Intensiv wird die Frühstückskultur rund um den Savignyplatz gepflegt. So frühstückt man im Schwarzen Café in der Kantstraße rund um die Uhr, was den Gästen die Möglichkeit bietet, auch nach den ärgsten Exzessen sofort einen neuen Tag zu beginnen. Eines der 14 Angebote auf der Frühstückskarte trägt denn auch den Namen „Exzeß“, obwohl es außer den basics nur die Wahl zwischen einem Ei, Käse oder Schinken bietet. Lebeleute dürften deshalb eher zum üppigen „Tiffany“ mit Sekt, Eiern greifen.

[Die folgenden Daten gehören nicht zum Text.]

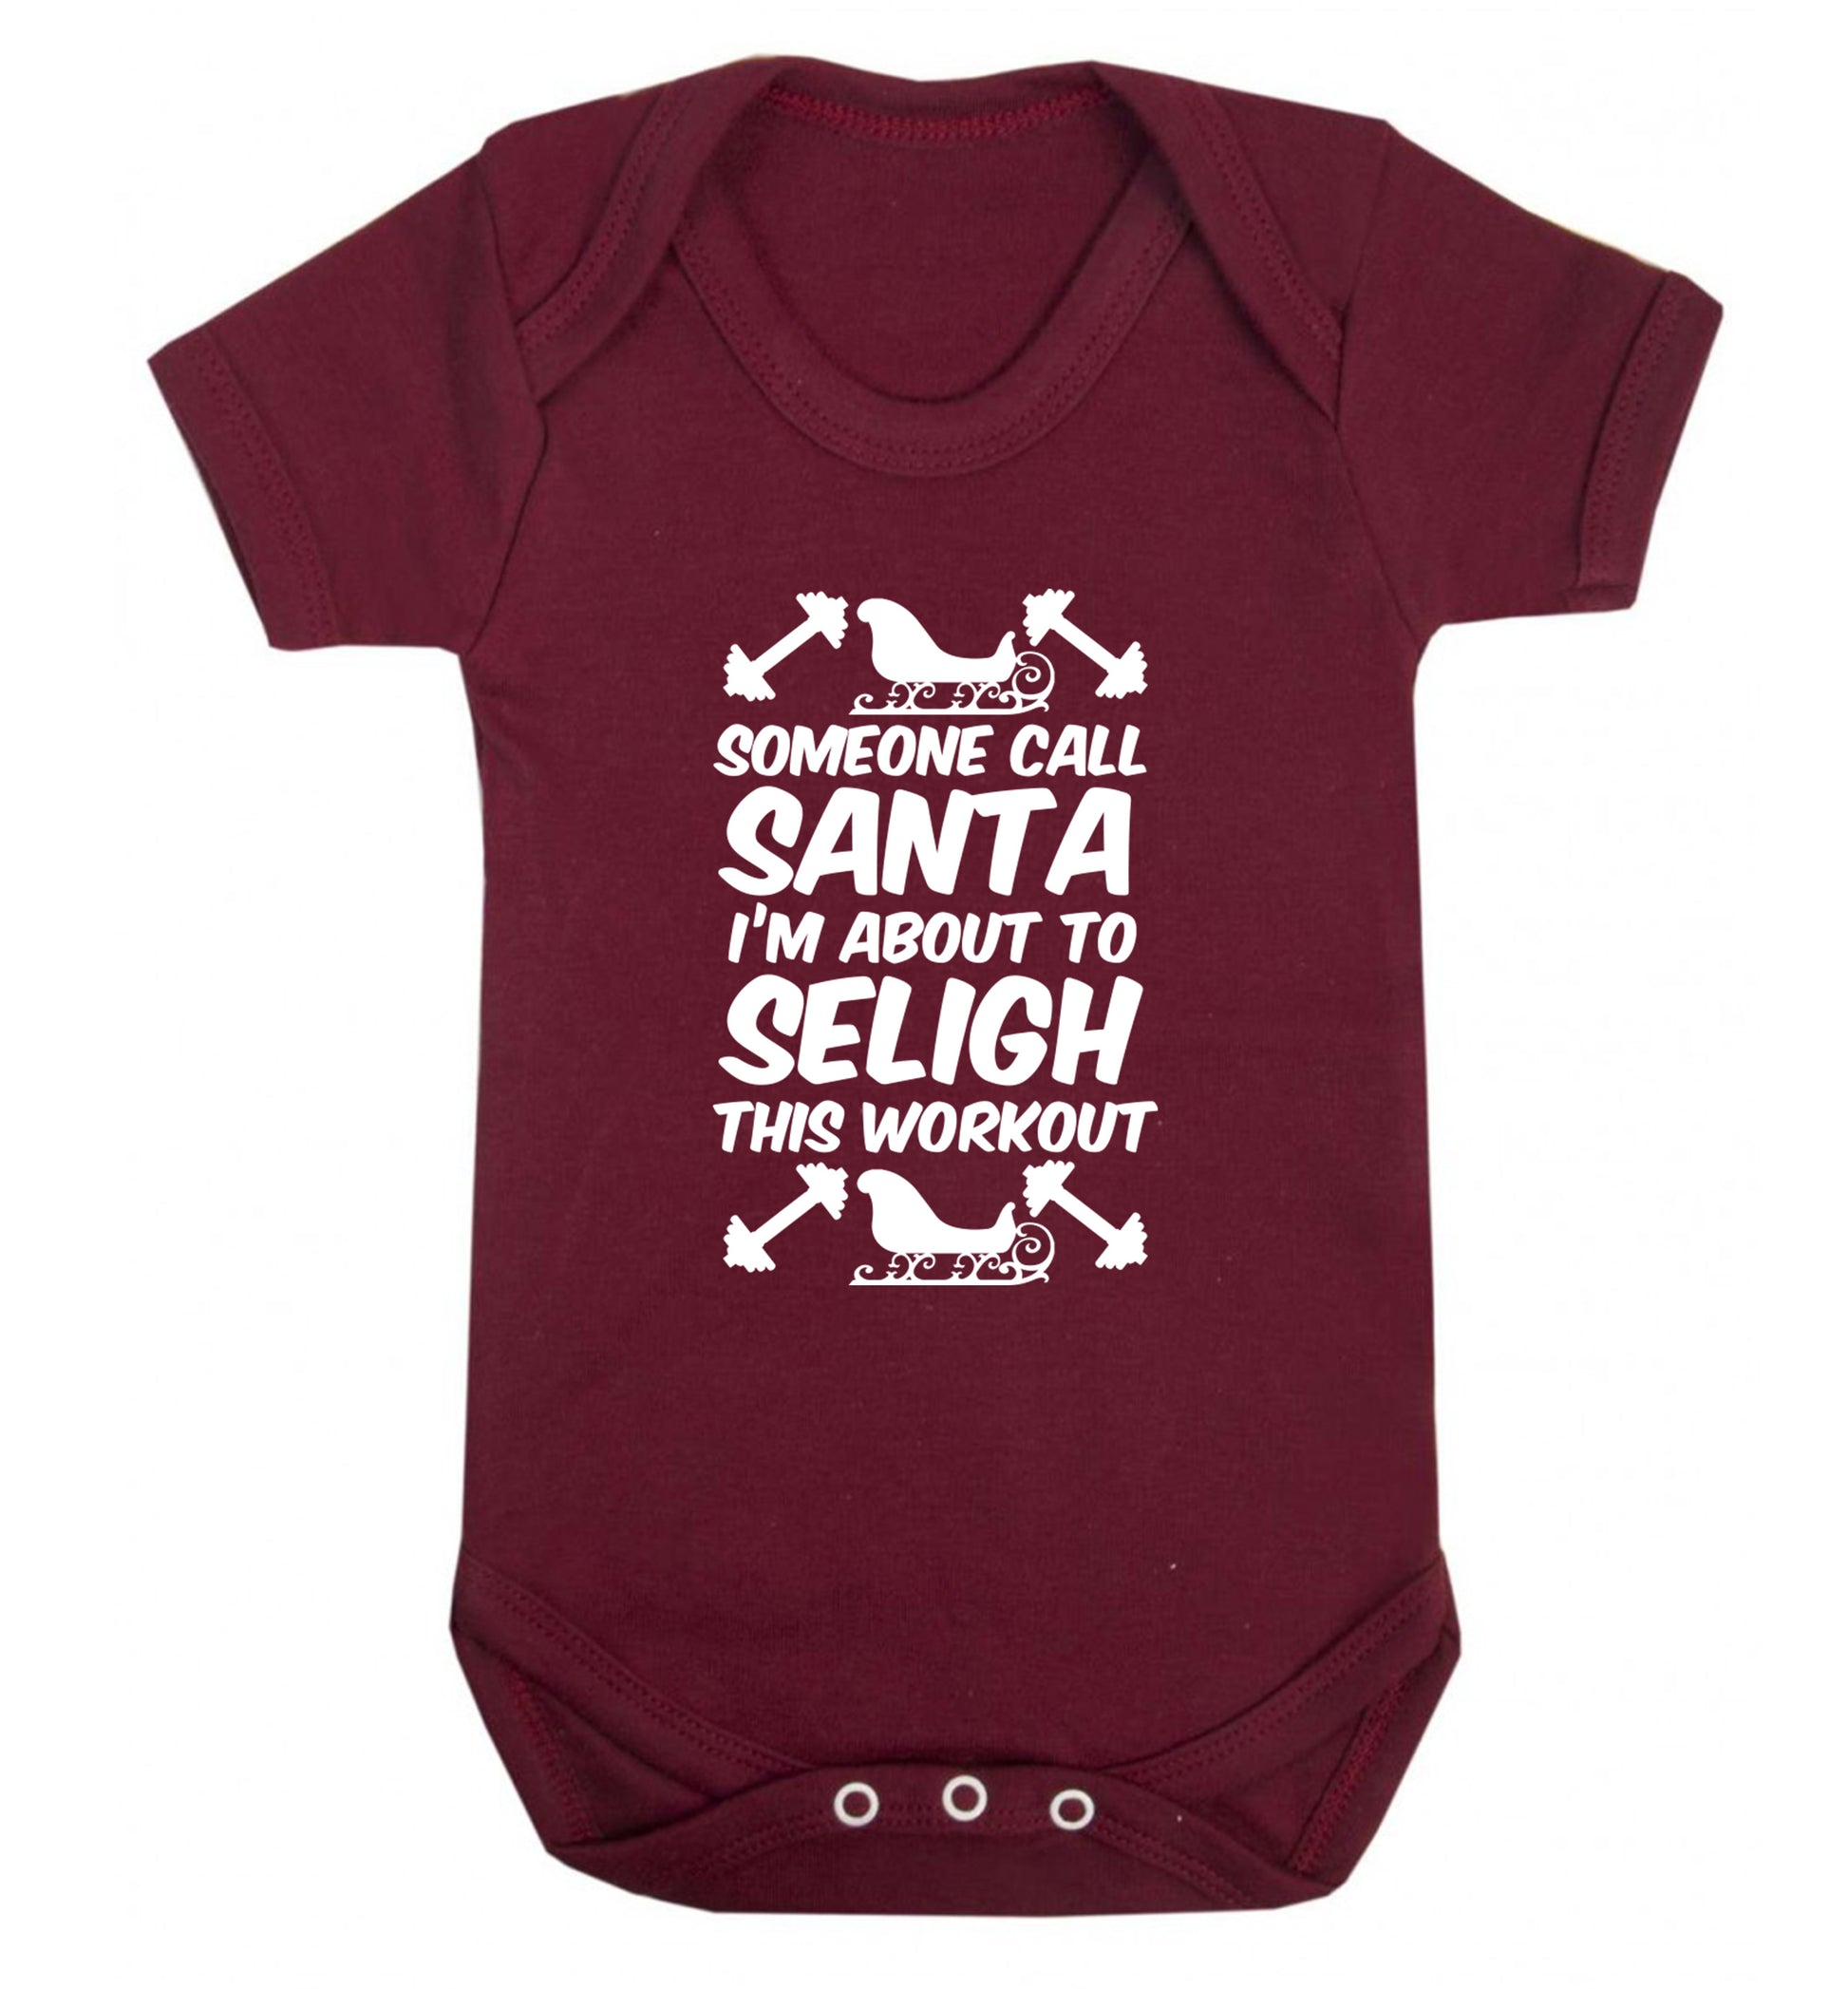 Someone call santa, I'm about to sleigh this workout Baby Vest maroon 18-24 months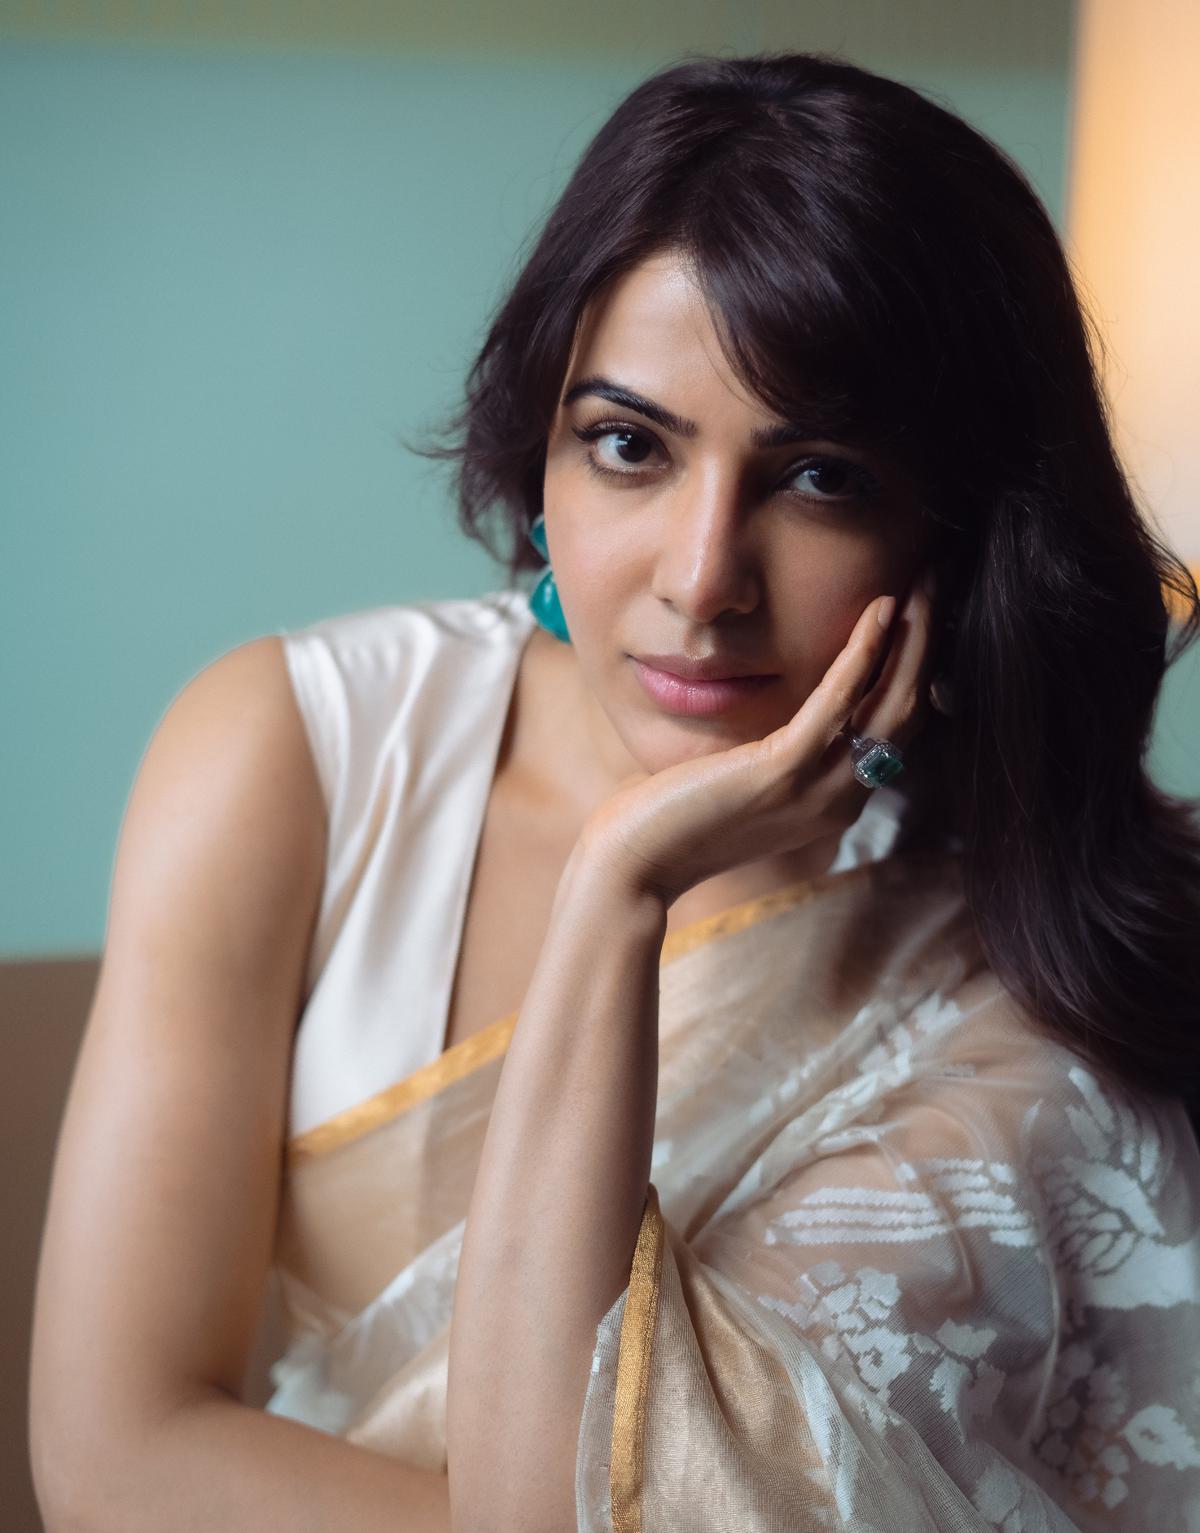 Samantha Ruth Prabhu announces return to work and plans to launch a health podcast

Eine andere Hochburg der Frühstückskultur ist Kreuzberg 61. Wer seinen Tag solide und sportlich im Spreewaldbad beginnt, braucht danach nur den Platz zum Morena hin zu überqueren, wo die Vorherrschaft des französischen Frühstücks erfreulicherweise aufgehoben ist: Es gibt italienisches (mit Parmaschinken, Salami und Mortadella), holländisches (Erdnußcreme und Schokostreusel), spanisches (Pfannkuchen mit Ahornsirup) und englisches (Bohnen, Bacon und viel Fett).

Sommerzeit ist Reisezeit, und alte Schulfreunde und kleine Geschwister kommen jetzt besonders gern angereist, um die Kneipenszene im Osten zu besichtigen. Zum Teil läßt sich das auch vormittags erledigen. Auf der Terrasse des Tacheles gibt es zwar nur Kaffee und Zigaretten – ein existentialistisches Morgenmahl sozusagen –, aber dafür die Aussicht auf eine grandiose Schrotthalde. Schräg gegenüber, im Café Oren, kann man – wenn man sich durch das häßliche weiße Plastikgestühl nicht abschrecken läßt – ein vergleichsweise billiges Lachsfrühstück oder Bananen-Mandel-Omelettes wegschlemmen. Mit dem Plastikgestühl sowie einem trüben Tümpel ist auch der Hof des „Café Esplanade“ am Potsdamer Platz ausgestattet. Hier empfiehlt es sich deshalb, das Sektfrühstück „Globe Theater“ lieber in den prachtvollen Innenräumen einzunehmen.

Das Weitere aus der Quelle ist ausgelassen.